En parallèle, les entreprises s’exposent autrement. En connectant des assistants à des messageries, des bases documentaires et des outils métier, elles transforment des questions de droits et de périmètres en sujets de sécurité à part entière. La frontière entre « accès légitime » et « usage dévoyé » se fait plus mince, et le moindre excès de confiance se paie plus vite.
1. L’industrialisation du phishing hyper-personnalisé
Le phishing n’a pas attendu l’IA pour se porter comme un charme. Ce qui change, en revanche, c’est l’économie de l’attaque, les cybercriminels pouvant désormais produire un volume énorme de variantes, ajuster le ton, la langue, le contexte sectoriel, et tester en continu ce qui déclenche un clic ou une réponse.

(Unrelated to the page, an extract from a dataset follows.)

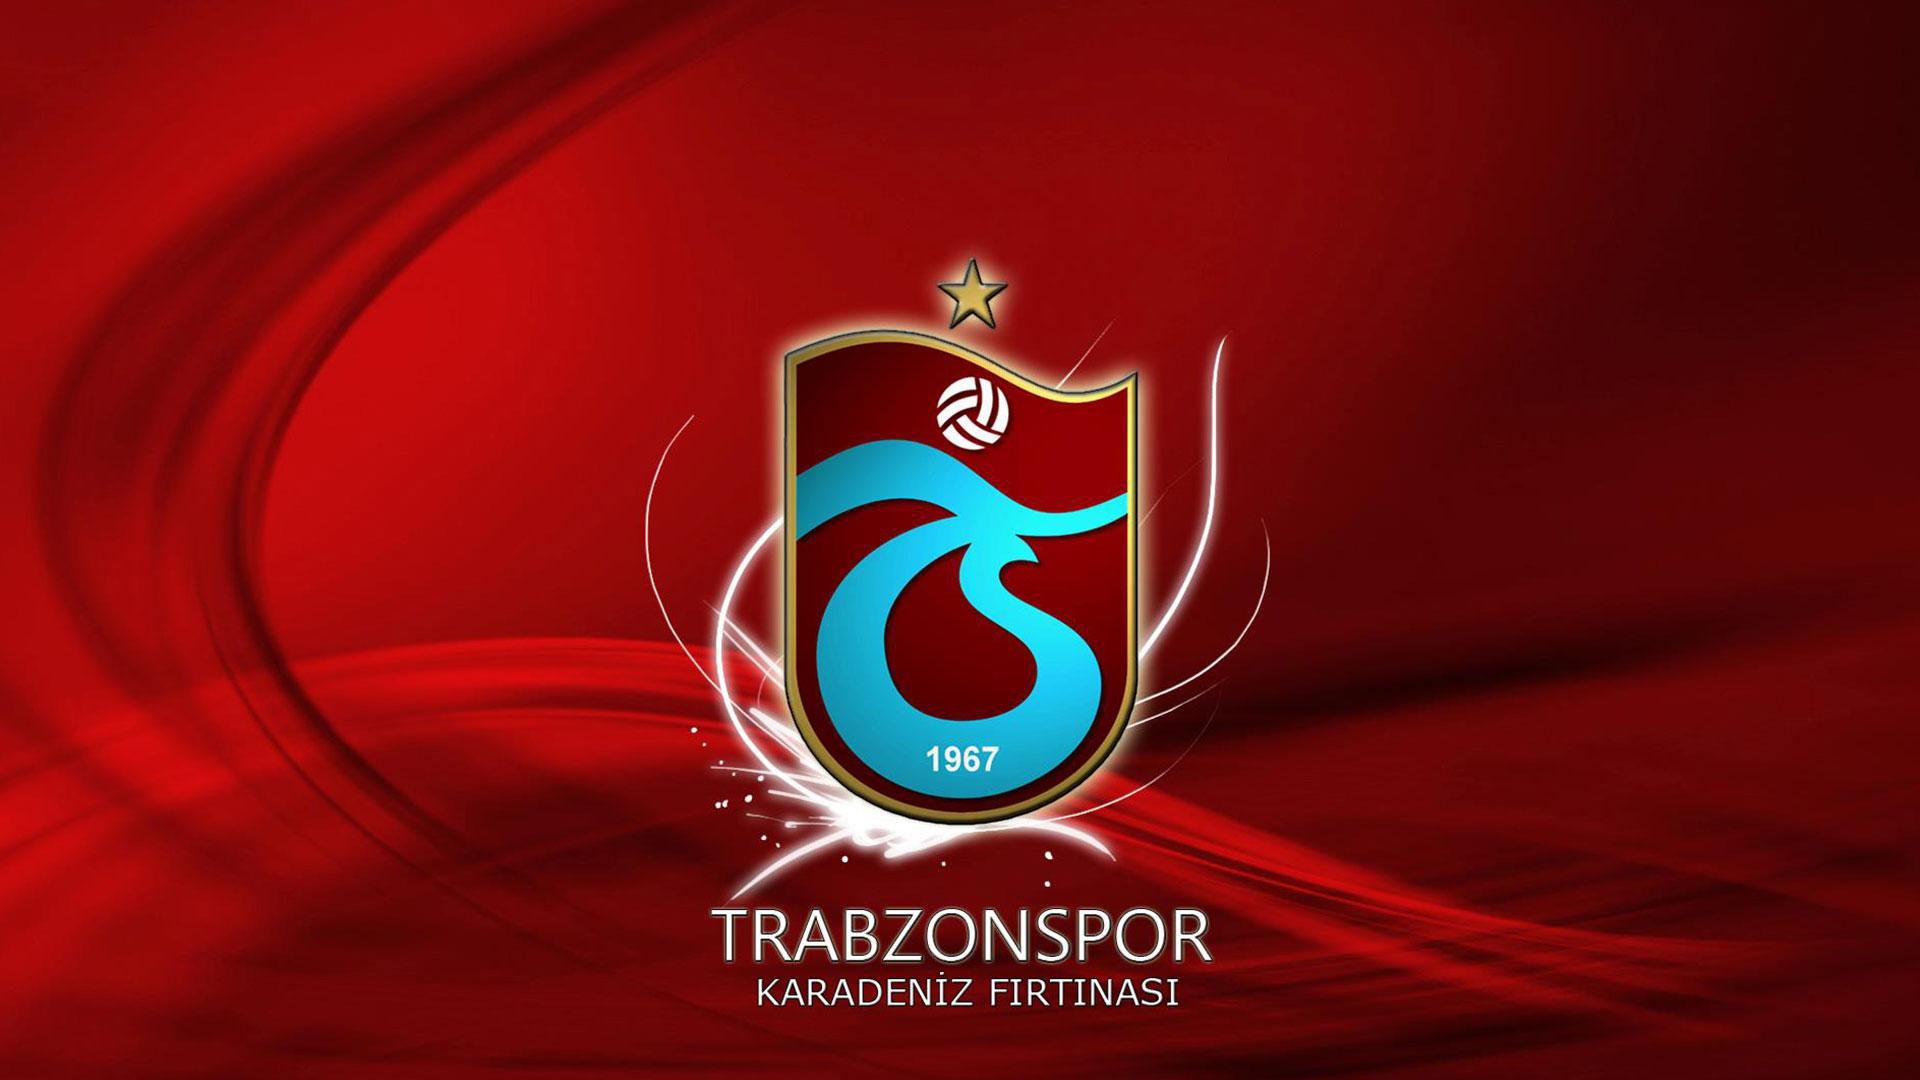 Mobil Hd Wallpaper En G 252 Zel Trabzonspor Resimleri Rooteto

Dès lors, l’hyper-personnalisation devient plus accessible parce qu’elle s’appuie sur des traces publiques, des fuites, des données d’entreprise trop exposées, et des indices glanés sur les réseaux. On ne parle plus seulement d’un mail bien écrit, mais d’un scénario complet, cohérent, et adapté à votre organisation.

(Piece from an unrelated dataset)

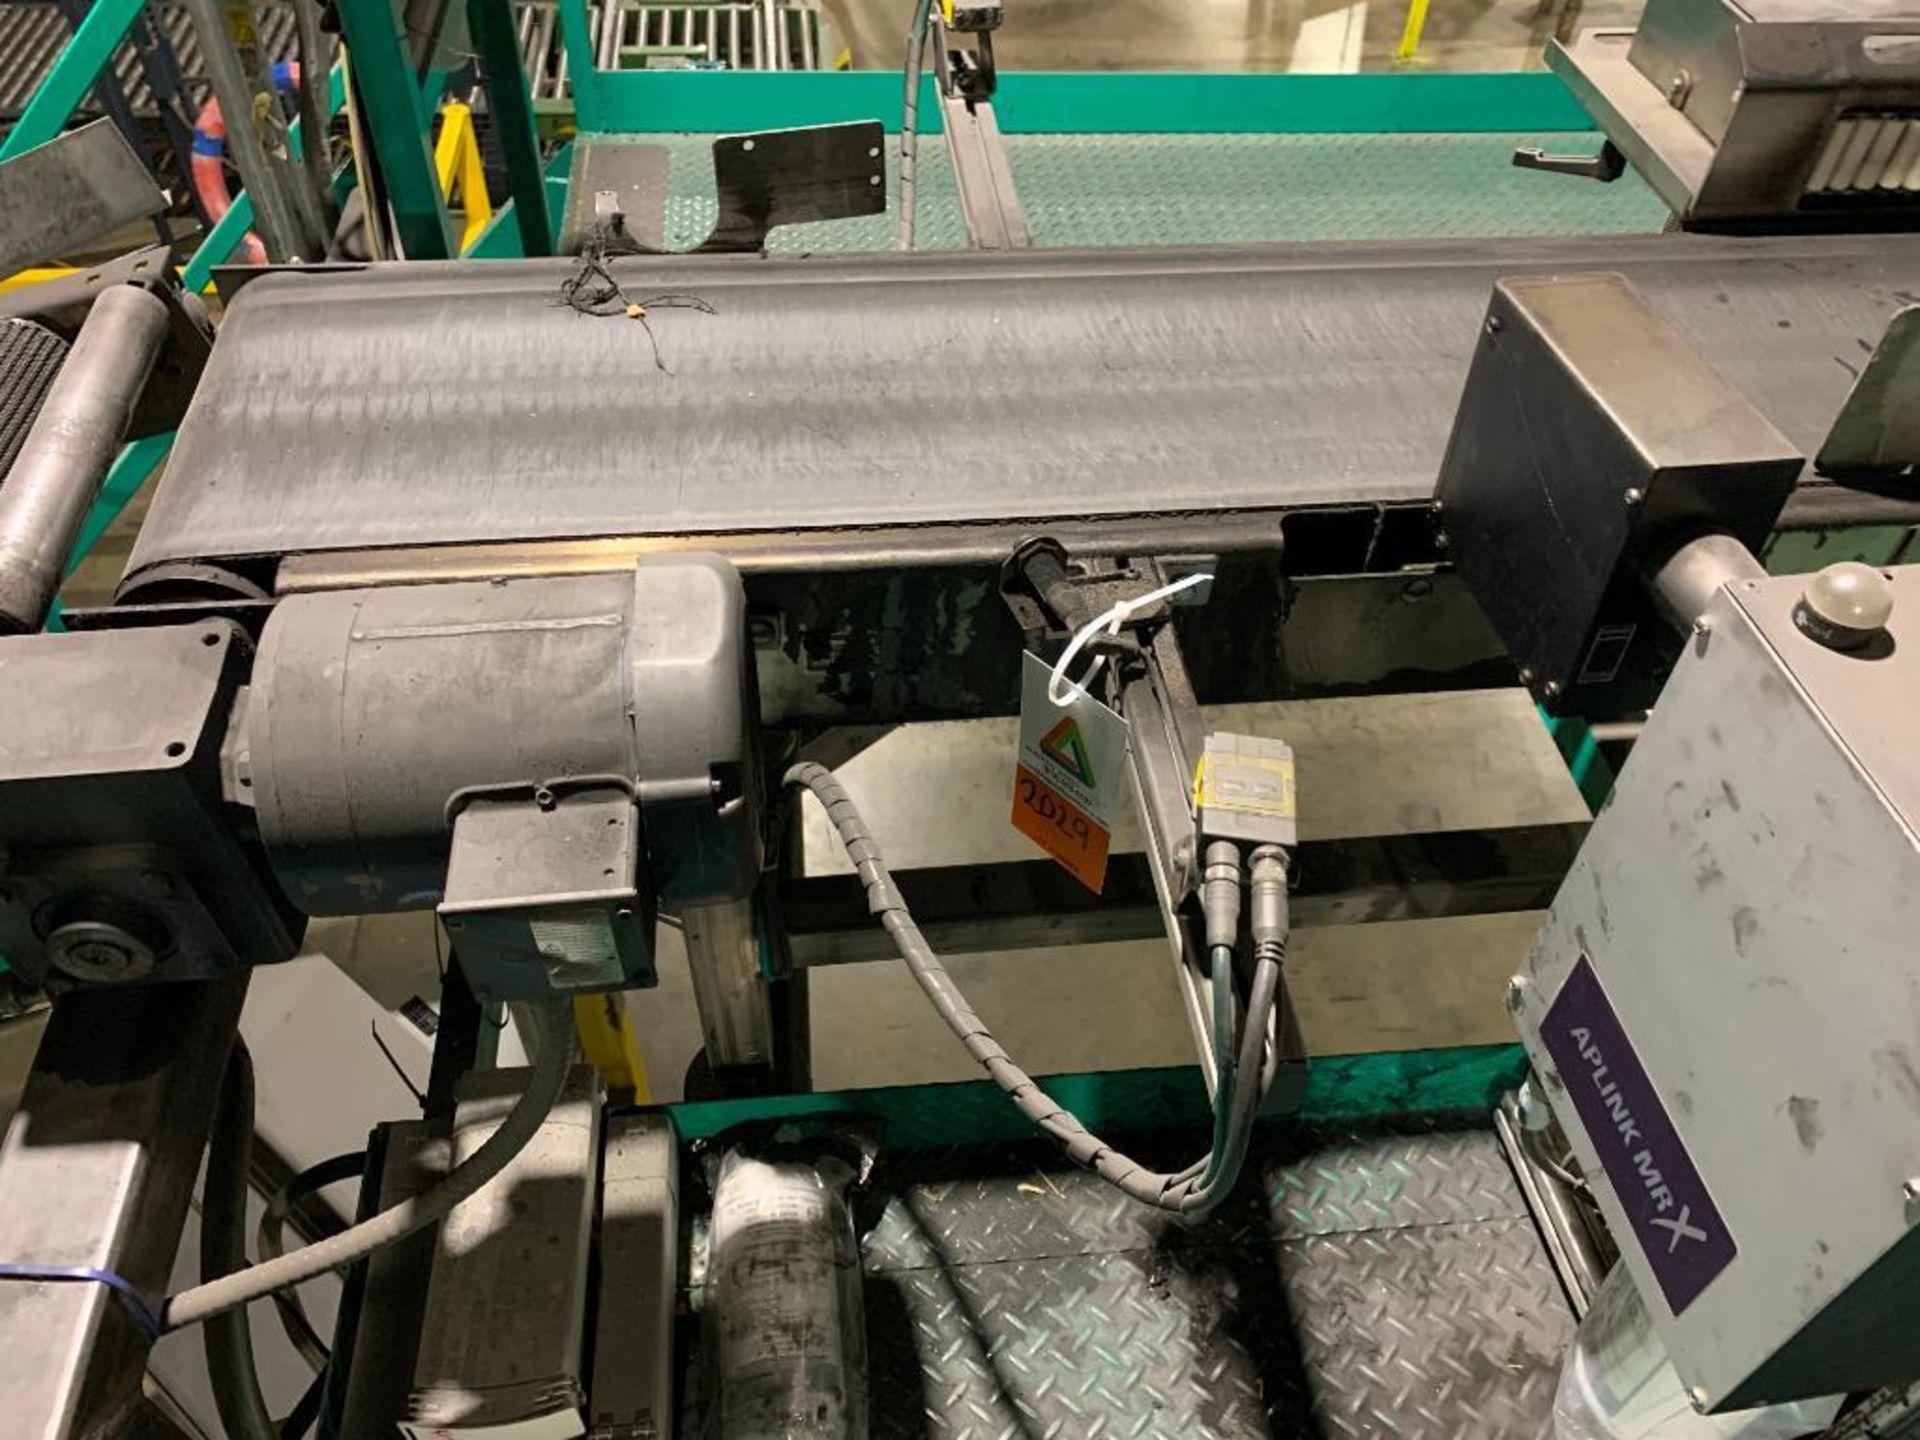 BMI stainless steel conveyor - Image 8 of 14

Or, quand produire du crédible ne coûte presque rien, analyser le contenu ne suffit plus. D’où la nécessité de sécuriser l’identité et le geste, avec une authentification résistante au phishing, des validations hors messagerie pour toute demande sensible, et une sensibilisation qui colle aux modes opératoires actuels, pas à une version 2018 de l’arnaque au colis.
2. Les deepfakes audio et vidéo, ou l’art de la mise en scène
Jusqu’ici, la voix et la vidéo avaient un statut implicite, celui de la preuve intuitive. Une visio rapide, un vocal, un appel en urgence, on reconnaît son interlocuteur, et on s’exécute. C’est cette confiance instinctive que les deepfakes exploitent, souvent sans viser la perfection, puisqu’il leur suffit d’être assez crédibles pour imposer un tempo et faire passer une demande sensible pour une formalité.
La menace ne vise plus seulement l’usurpation d’un dirigeant, elle cible désormais les processus. Validation financière, recrutement, changement de coordonnées bancaires, support interne, échanges avec les prestataires, demandes d’accès, tout ce qui repose sur une confirmation « à l’oreille » ou « à l’image » devient attaquable.
Le deepfake ne remplace pas le phishing, il le renforce et oblige à cadrer toute requête à risque. On ne valide plus une action sur une ressemblance, mais sur un faisceau d’indices indépendants, l’appareil utilisé, le contexte de la demande, des signaux de comportement, une confirmation via un autre canal, et, quand c’est possible, une preuve cryptographique (passkey, clé matérielle, certificat) ou des traces d’authentification cohérentes.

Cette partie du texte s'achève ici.